Test the tool out on the directory `./examples`.

```bash
rdfhash --data ./examples/product_0.ttl
```

### Blank Node Input

```text/turtle
@prefix rdf: <http://www.w3.org/1999/02/22-rdf-syntax-ns#> .
@prefix xsd: <http://www.w3.org/2001/XMLSchema#> .

@prefix c:         <def:class:> .
@prefix currency:  <def:class:currency> .
@prefix p:         <def:property:> .

_:xbox_series_x
    rdf:type c:Product ;
    p:name "Microsoft - Xbox Series X 1TB Console - Black" ;
    p:url <https://www.bestbuy.com/site/microsoft-xbox-series-x-1tb-console-black/6428324.p> ;
    p:available false ;
    p:price [
        rdf:type currency:USDollar ;
        p:amount "499.99"^^xsd:decimal ;
    ] .

_:ps5
    rdf:type c:Product ;
    p:name "Sony - PlayStation 5 Console" ;
    p:url <https://www.bestbuy.com/site/sony-playstation-5-console/6426149.p> ;
    p:available false ;
    p:price [
        rdf:type currency:USDollar ;
        p:amount "499.99"^^xsd:decimal ;
    ] .
```

### `md5` Output

```text/turtle
<md5:e2edf345944d2d2360ca0af3a2e263e5>
    a c:Product ;
    p:available false ;
    p:name "Microsoft - Xbox Series X 1TB Console - Black" ;
    p:price <md5:230919236fbe71a692d10c9a693fdd2b> ;
    p:url <https://www.bestbuy.com/site/microsoft-xbox-series-x-1tb-console-black/6428324.p> .

<md5:64c8f3c04879effcad67df5e62c00245>
    a c:Product ;
    p:available false ;
    p:name "Sony - PlayStation 5 Console" ;
    p:price <md5:230919236fbe71a692d10c9a693fdd2b> ;
    p:url <https://www.bestbuy.com/site/sony-playstation-5-console/6426149.p> .

<md5:230919236fbe71a692d10c9a693fdd2b>
    a currency:USDollar ;
    p:amount 499.99 .
```

- The nested definition for `499.99` USD is referenced 2 times and defined only once.

### Simple time-entry data

```text/turtle
@prefix d:  <data:> .

d:TimeEntry__ps5__2020_11_12
    a c:TimeEntry ;
    p:date "2020-11-12"^^xsd:date ;
    p:value <md5:64c8f3c04879effcad67df5e62c00245> .

d:TimeEntry__xbox_series_x__2020_10_12
    a c:TimeEntry ;
    p:date "2020-10-12"^^xsd:date ;
    p:value <md5:e2edf345944d2d2360ca0af3a2e263e5> .

d:TimeEntry__ps5__2022_06_01
    a c:TimeEntry ;
    p:date "2022-06-01"^^xsd:date ;
    p:value <md5:64c8f3c04879effcad67df5e62c00245> .
```

- If a webscraper encounters the exact same definition, output RDF will be identical.
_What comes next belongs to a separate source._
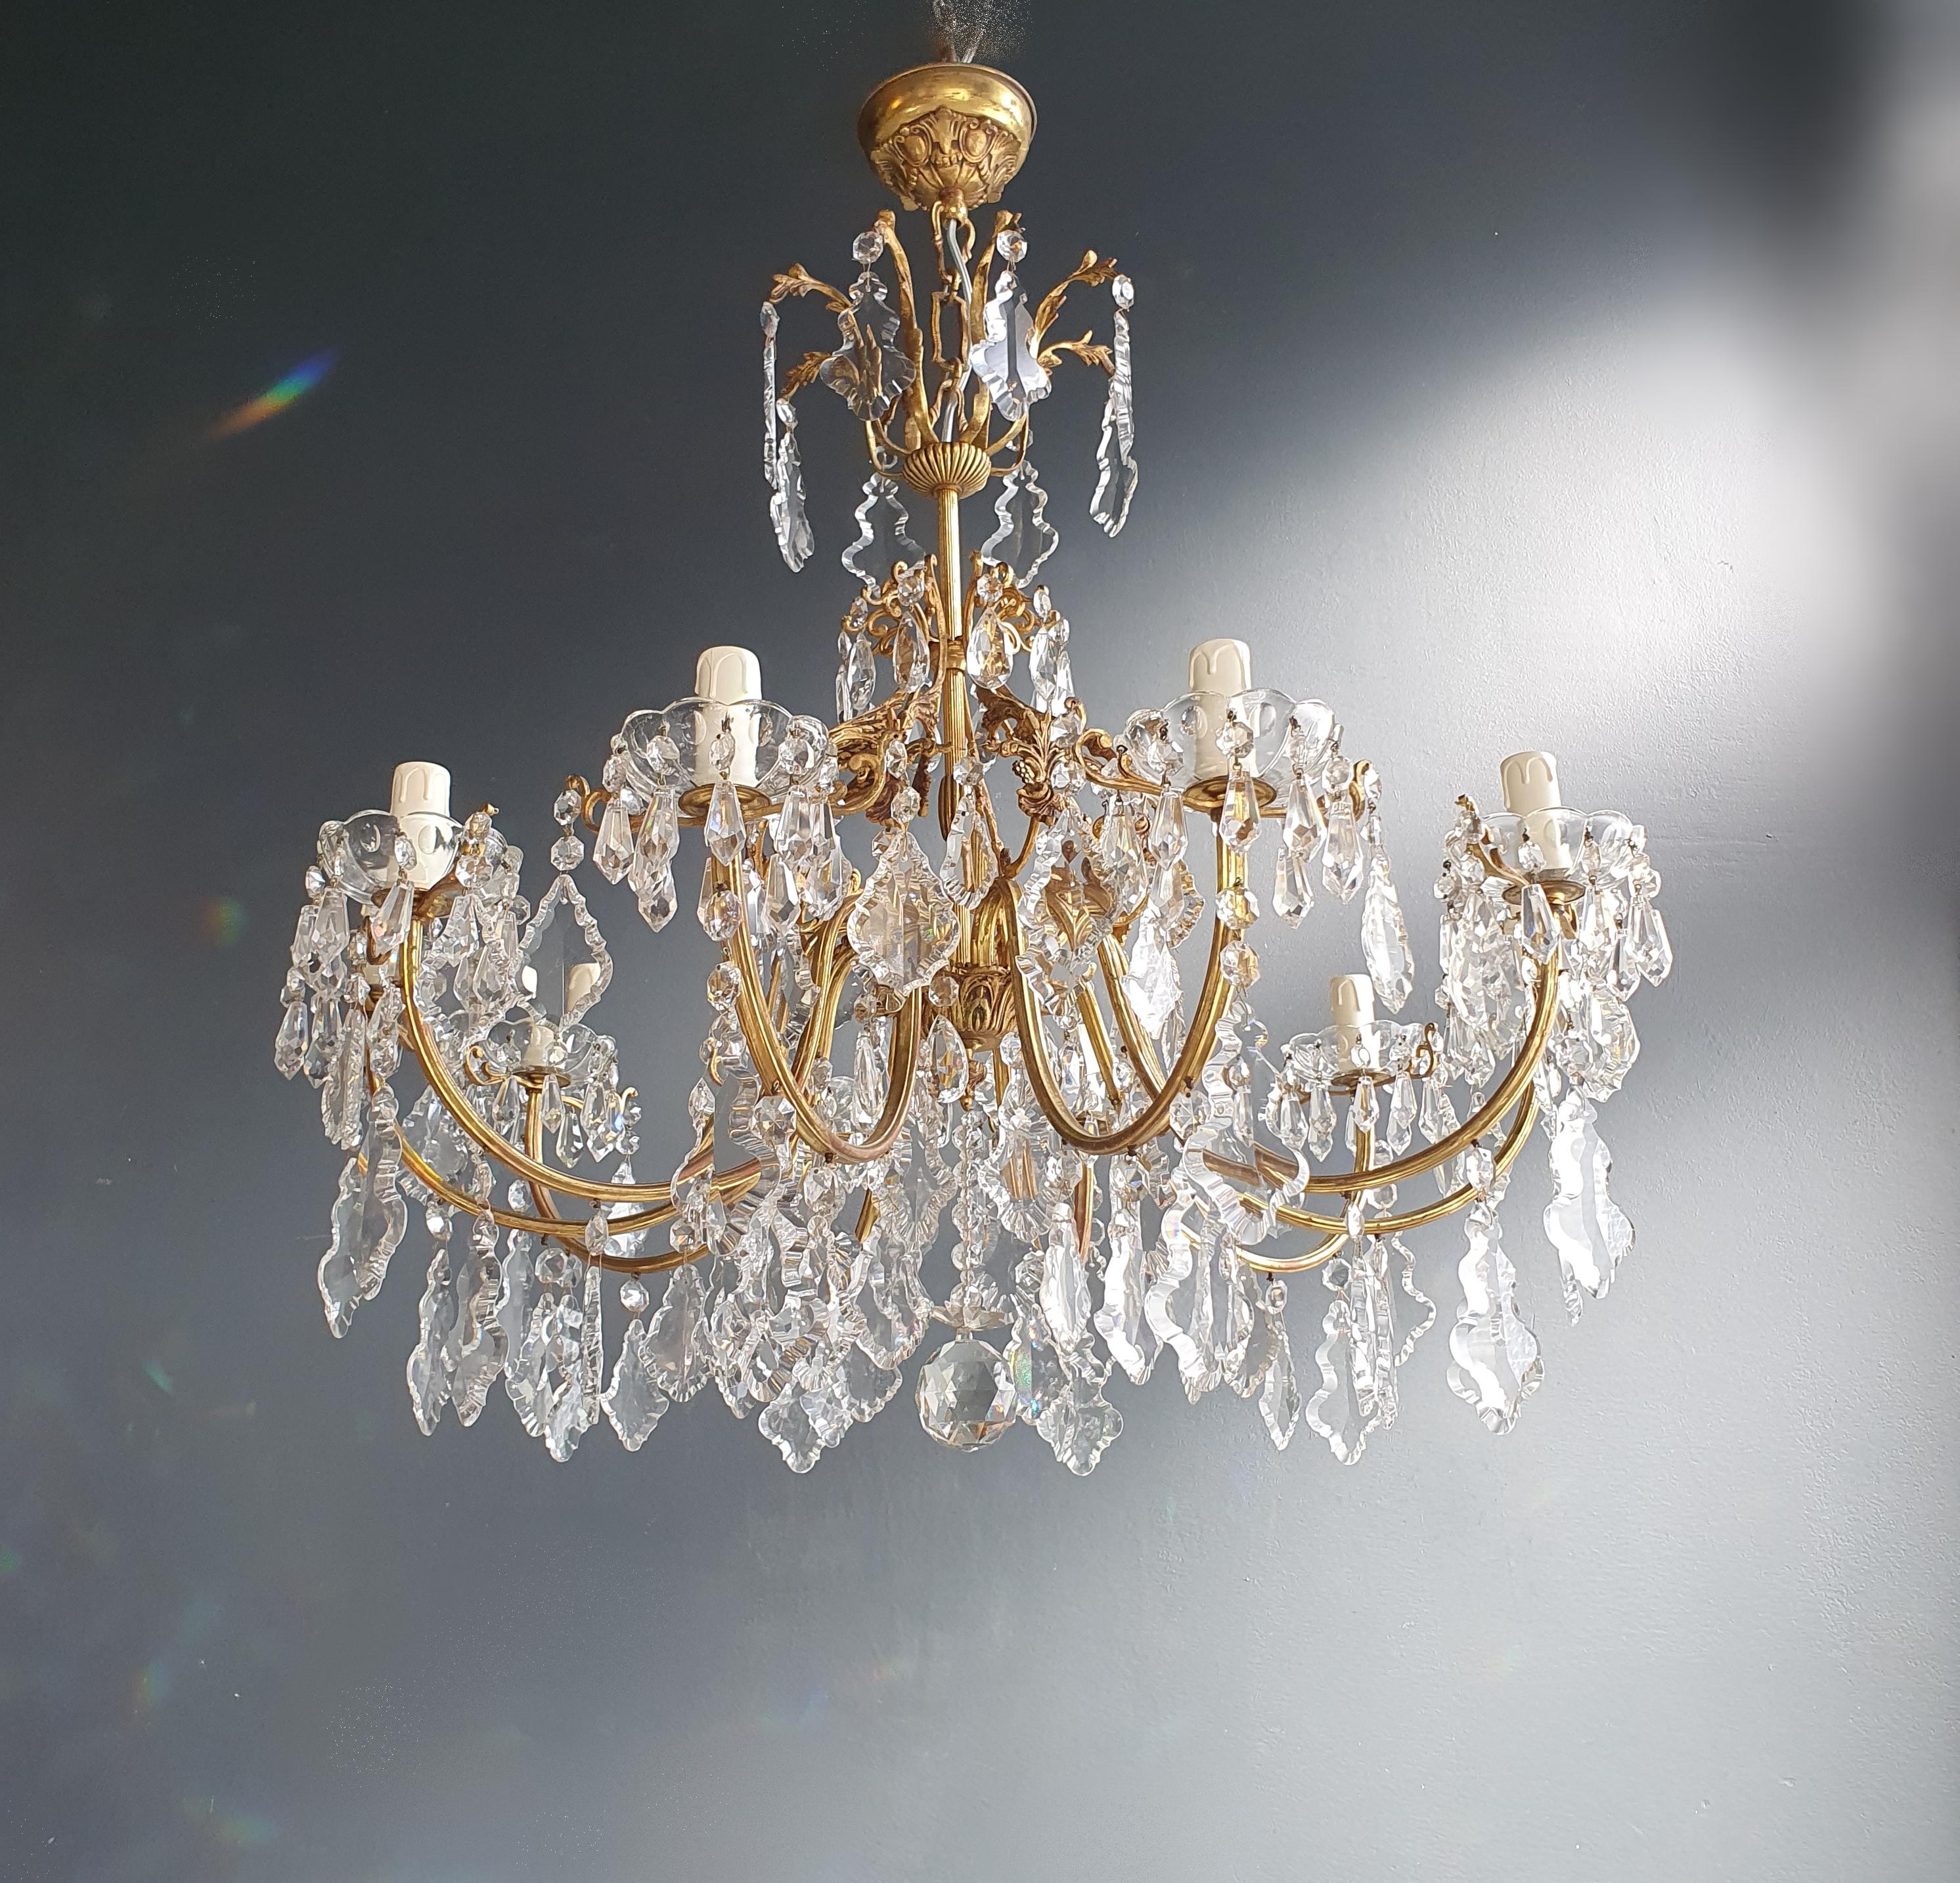 Brass Crystal Chandelier Antique Ceiling Lamp Lustre Art Nouveau Lamp 5

Only triples added are references to the existing triples.

---

## Limitations

- Named graphs are currently not supported.
- Cannot update triples on hashed subjects.
  - Updating statements on a hashed subject will result in a hash mismatch.
  - Blank node statement input:

    ```text/turtle
    [ a <def:class:Person> ] .
    ```

  - Hashed subject output:

    ```text/turtle
    <sha1:f0392681a6a701d9672925133bf1207f4be9e412>
        a <def:class:Person> .
    ```

  - Updating statements on hashed subject:

    ```text/turtle
    # Actual sha1 Result: 0c0140462cb569cb700fe5d01bf5efb3185cdb4d

    <sha1:f0392681a6a701d9672925133bf1207f4be9e412>
        a <def:class:Person> ;
        <def:property:age> "24"^^<http://www.w3.org/2001/XMLSchema#integer> .
    ```

    - Mismatch between original hash and actual hash result.
      - Original: `<sha1:f0392681a6a701d9672925133bf1207f4be9e412>`
      - Actual: `<sha1:0c0140462cb569cb700fe5d01bf5efb3185cdb4d>`

- Cannot resolve circular dependencies between selected subjects.

    ```text/turtle
    _:b1 <def:property:connectedTo> _:b2 .
    _:b2 <def:property:connectedTo> _:b1 .
    ```

- Using multiple hashing methods is not recommended.

    ```text/turtle
    _:error_multiple_hash_methods
        <p:0> <md5:64eee8e358fd1b6340385f4588e5536b> ;
        <p:1> <sha1:2408f5f487b26247f9a82a6b9ea76f21b79bb12f> .
    ```

    - Using multiple hashing methods can result in duplicate hashed statements. 
    - Sticking with 1 hashing method allows for the smallest possible graph size.